I gave Senior 3 a diary project and learnt a lot about what happened during the holidays. On the last day of school, one of them recorded that the Head had warned them against cattle-raiding.  “It was on the morning of the last day of closing.” he wrote. “Headmaster was addressing students that whenever you go you behave well let you come back to school do not go to cattle-raiding as long as you are a student do not do that.” Then, he added, with a fine sense of irony,“Immediately at the same day for some minute the student took the gun from his parent and shut his youngest brother. He was arrested by Police he was beaten.”

Reading the students’ diaries I learned that a local man had fallen off the tractor and injured his leg on the disc blades; that the Head Teacher had a fight with his wife; and that at a meeting with MPs about cattle-raiding and corruption, few people had shown up. “When people refuse to come to the meeting,” one of the students noted, “the Chief of Isohe send police to collect people within the village to come for meeting by Force.” “Although they Force still Few people,” he added. And when police chased the women from the market, they fled with their children on their backs “like Jesus chasing people selling from the temple”.

The rainmaker’s house

When I came back to Isoke there had been no rain for a month. An article in the Senior 3 newspaper was headlined “Isohe Community believe in rainmaker”. Magisto, the reporter, related how, on 3 May, the local rainmaker denied that it was God, the Creator of Heaven and Earth, who made rain. He was reported to have said “if you want rain let the community of Isohe contribute something that can make me feel happy”. At his demand, they built him a house. Each household, Magisto informed us, contributed “5SSP, 2 cups of sorghum, tobacco and even the goat” to the rainmaker’s housebuilding. On 2 June, when there was still no rain he said “Wait for three days”.  On 6th June, the article reported, the rain came.  

Among those who sought out the rainmaker, going up to the holy place on the mountain in Dito, was one of our catechists. And Father C revealed that he had prayed to God for rain on that Sunday. So who knows who should take the credit. Since then, though, there has been plenty of rain. Too much, in fact. A storm—rain and thunder and lightning and large hailstones and strong winds—blew the top right off my colleague L’s house. It blew down the school kitchen (a corrugated iron shack) and lifted off the roof of the front room of the priest’s apartment right next to mine. Then it replaced it again! We had to hang every piece of paper out to dry, and I oversaw the clearing out and washing of the room that lost its roof. It was striking that, as far as I could see, none of the local mud-walled thatched huts was damaged.

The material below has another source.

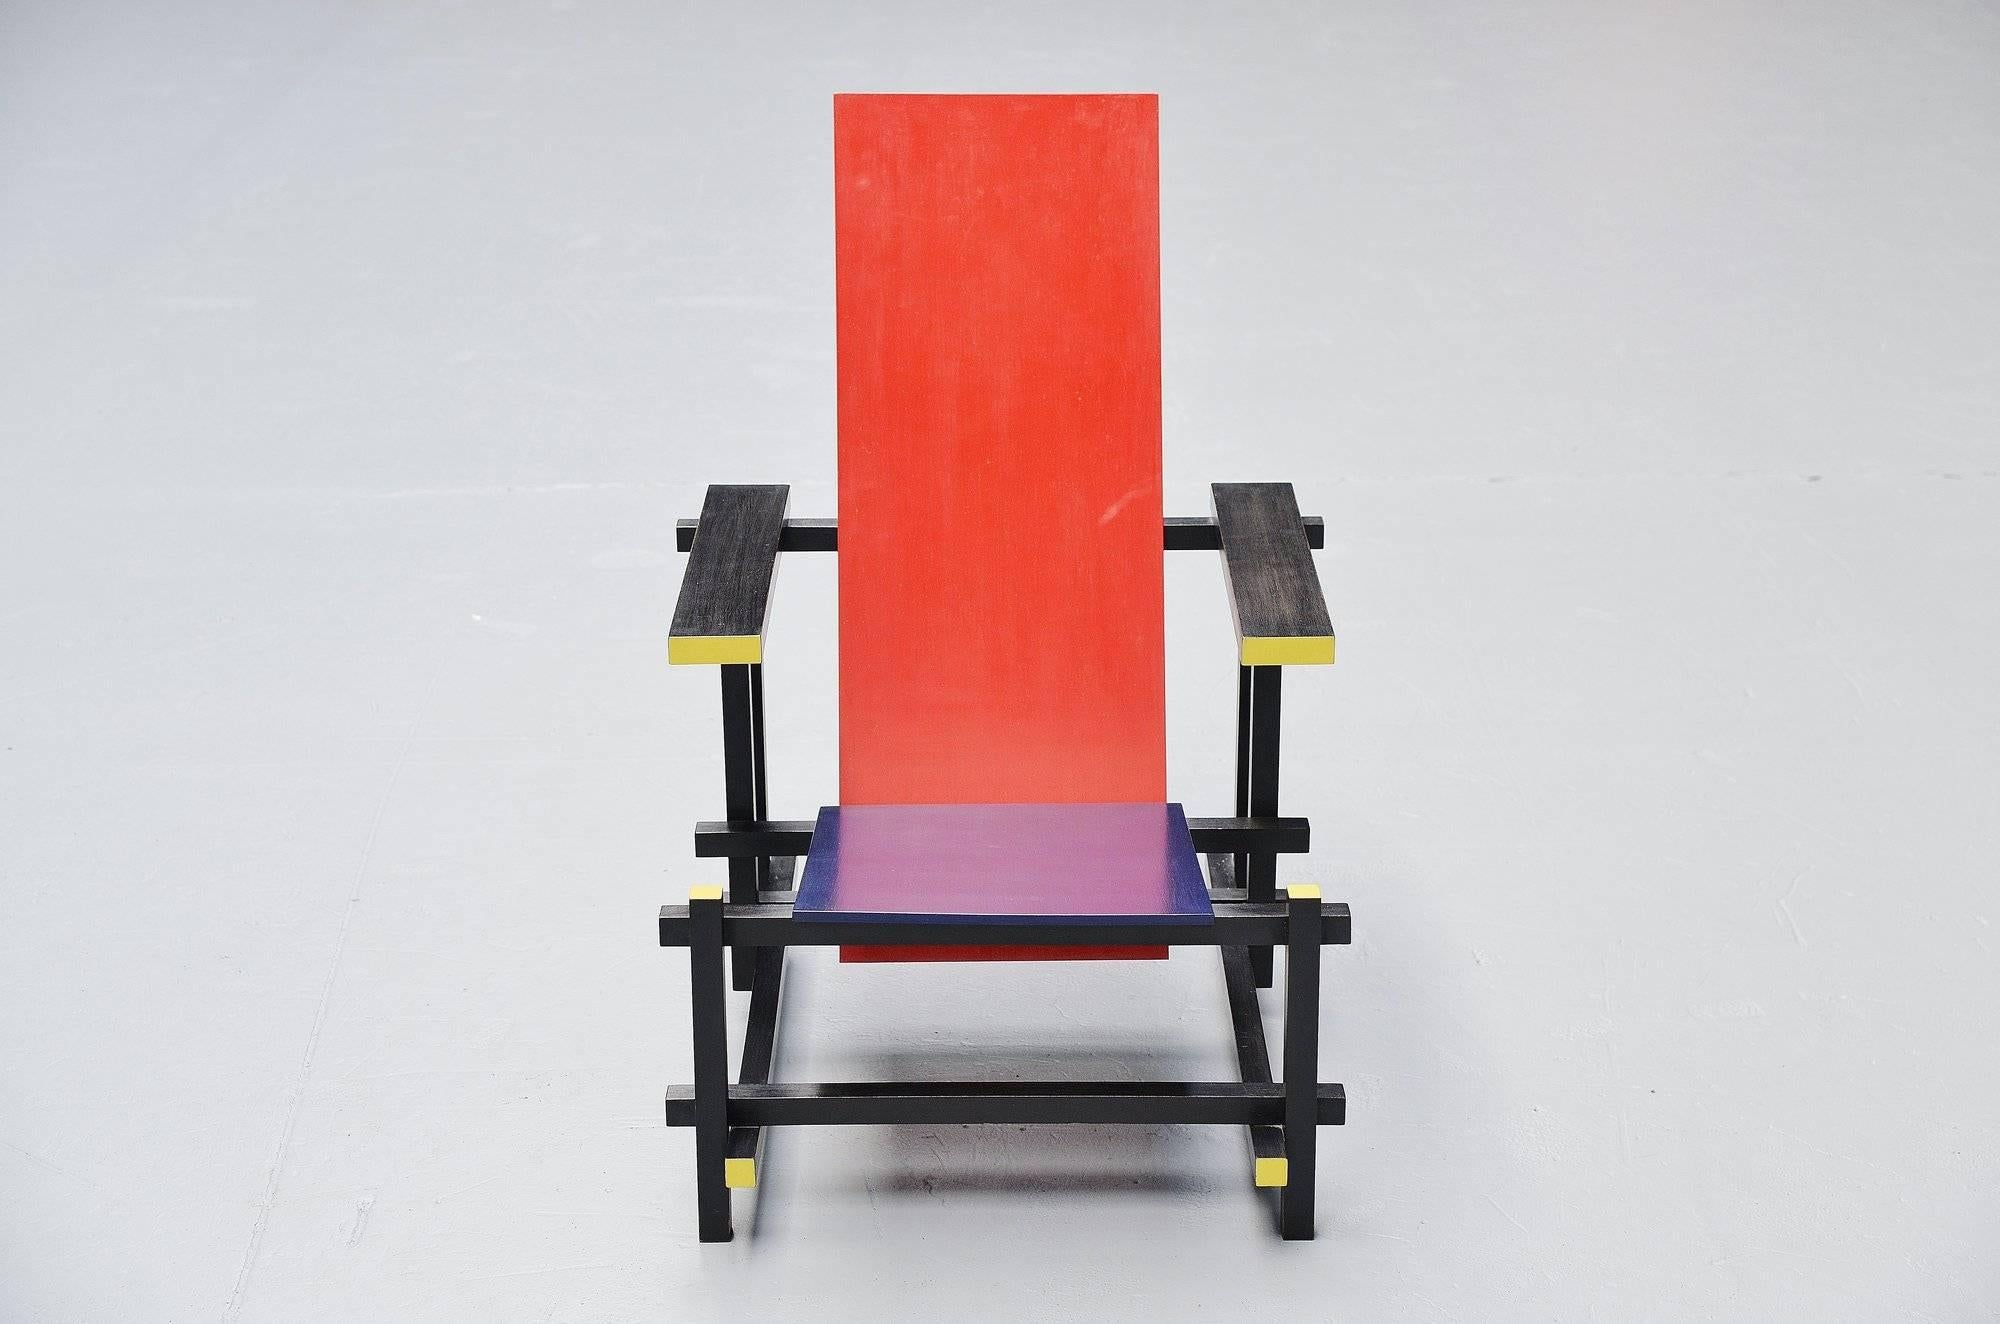 Hand-Painted Gerrit Thomas Rietveld Red Blue Chair Gerard van de Groenekan, 1966
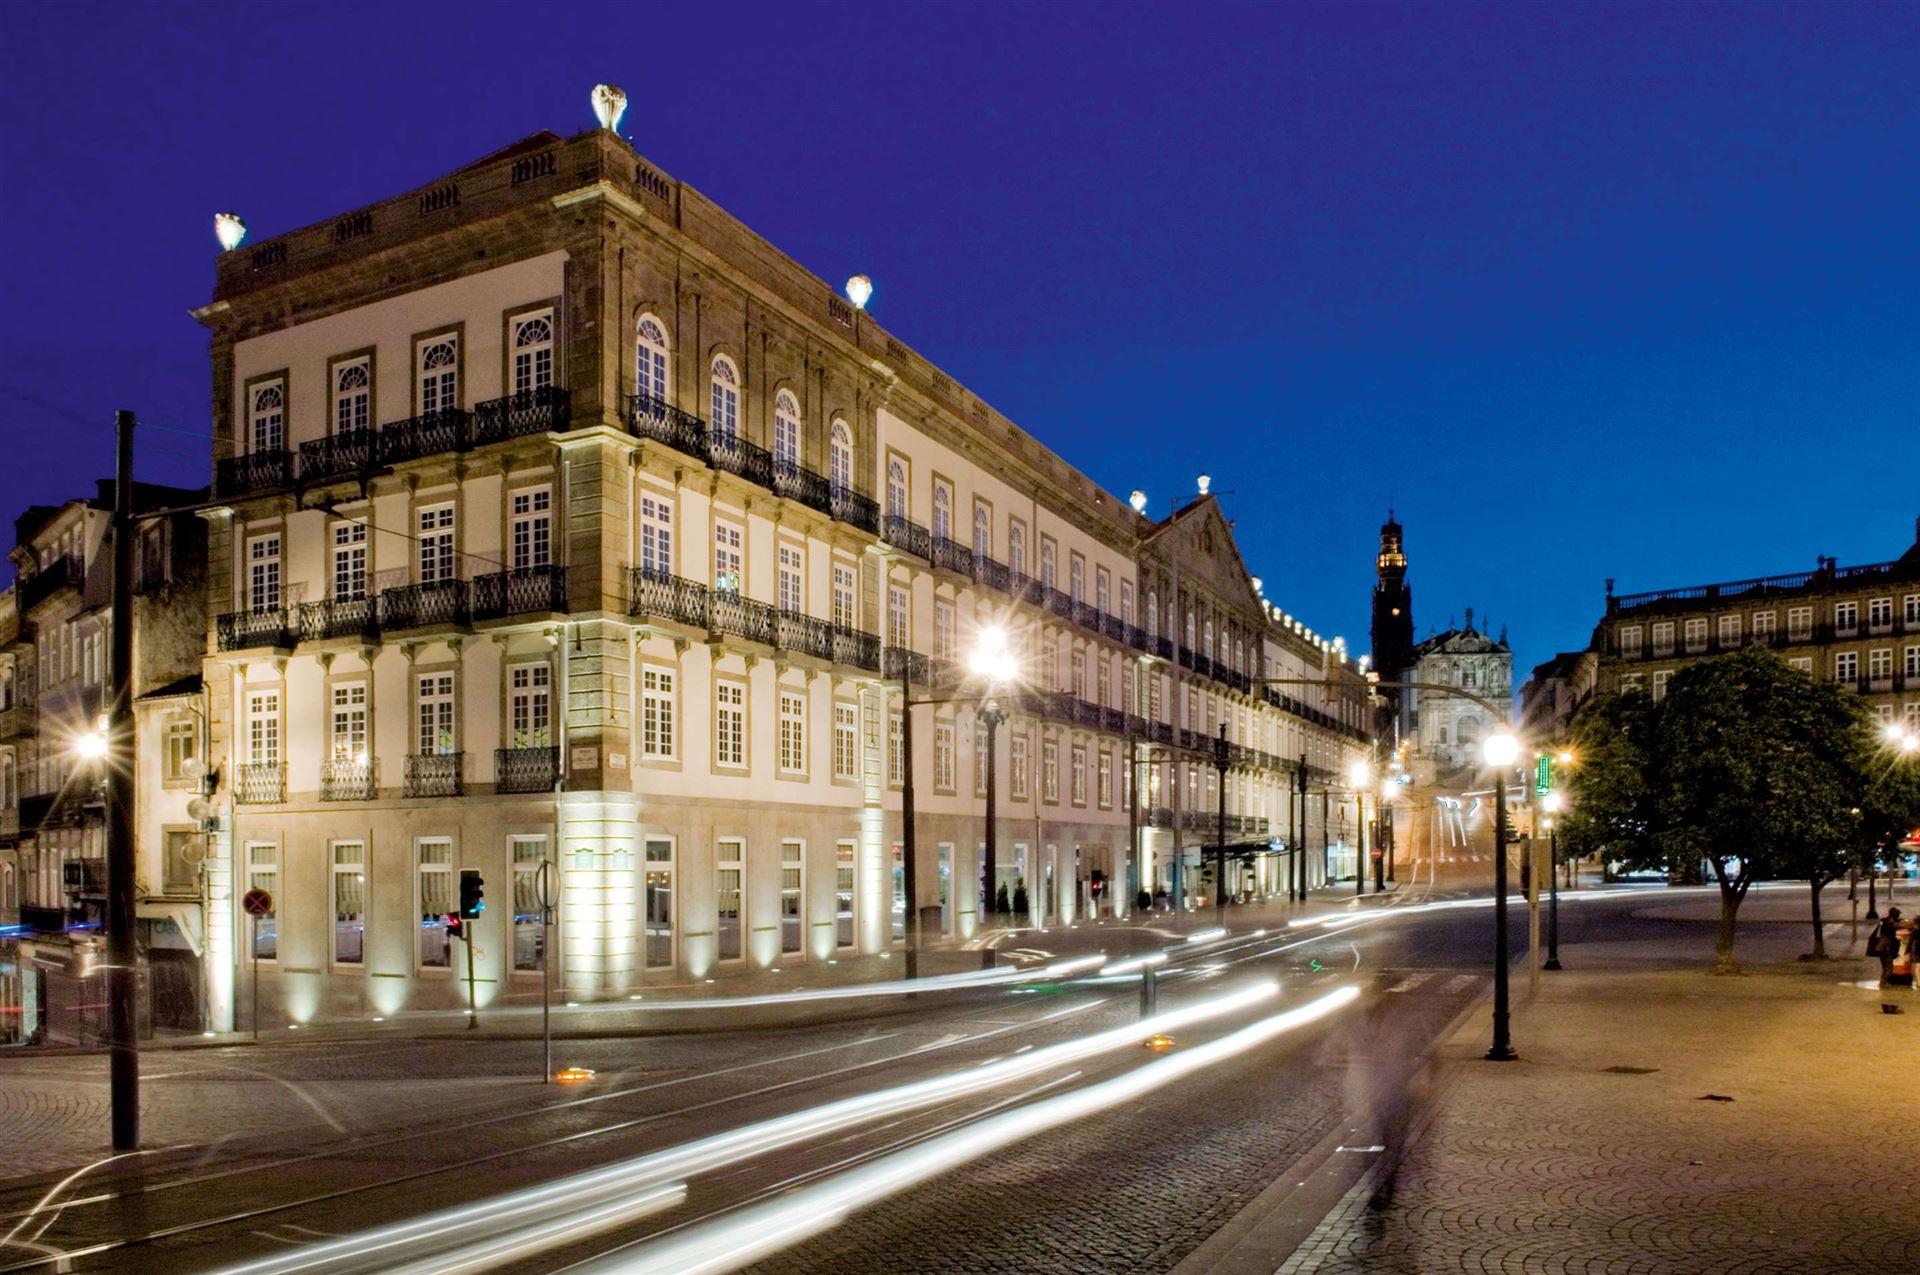 InterContinental Porto - Palacio das Cardosas luxe hotel deals

Happiness and drunkardness

Senior 4 carried out a job satisfaction project. They found out that everyone in Isoke was pretty happy (that is to say they listed more causes of happiness than unhappiness). The farmer said it was nice feeding the family with your own food, hard when there was drought. The school cook said it was nice feeding children and bringing money home (she only gets about $30 a month), but hard when the pay didn’t come. The trader said it was nice making profits only the roads were bad and it was difficult to get goods to Isoke. An NGO officer from AVSI couldn’t find anything to complain about in his job. He said that even setbacks were learning opportunities. He was clearly well-taught in NGO thinking, All teachers, school workers said the main thing wrong was the delay in salaries. We are still waiting for our salaries for May.

Many students write of “drunkardness”, I correct their spelling, but they have obviously been taught to write it that way. And what’s wrong with it? It’s perfectly understandable. In fact it can happily coexist with “drunkenness” to mean the next step towards alcoholism. 

I missed the peak of the mango season – for a week the Nuba students said they were eating fifty a day, then they ended. After two weeks without mangoes, people started bringing them down from the mountains. Many don’t eat them, saying they are sour, but they are fine and very cheap. The cabbage season hasn’t started yet, so we are still eating mainly beans.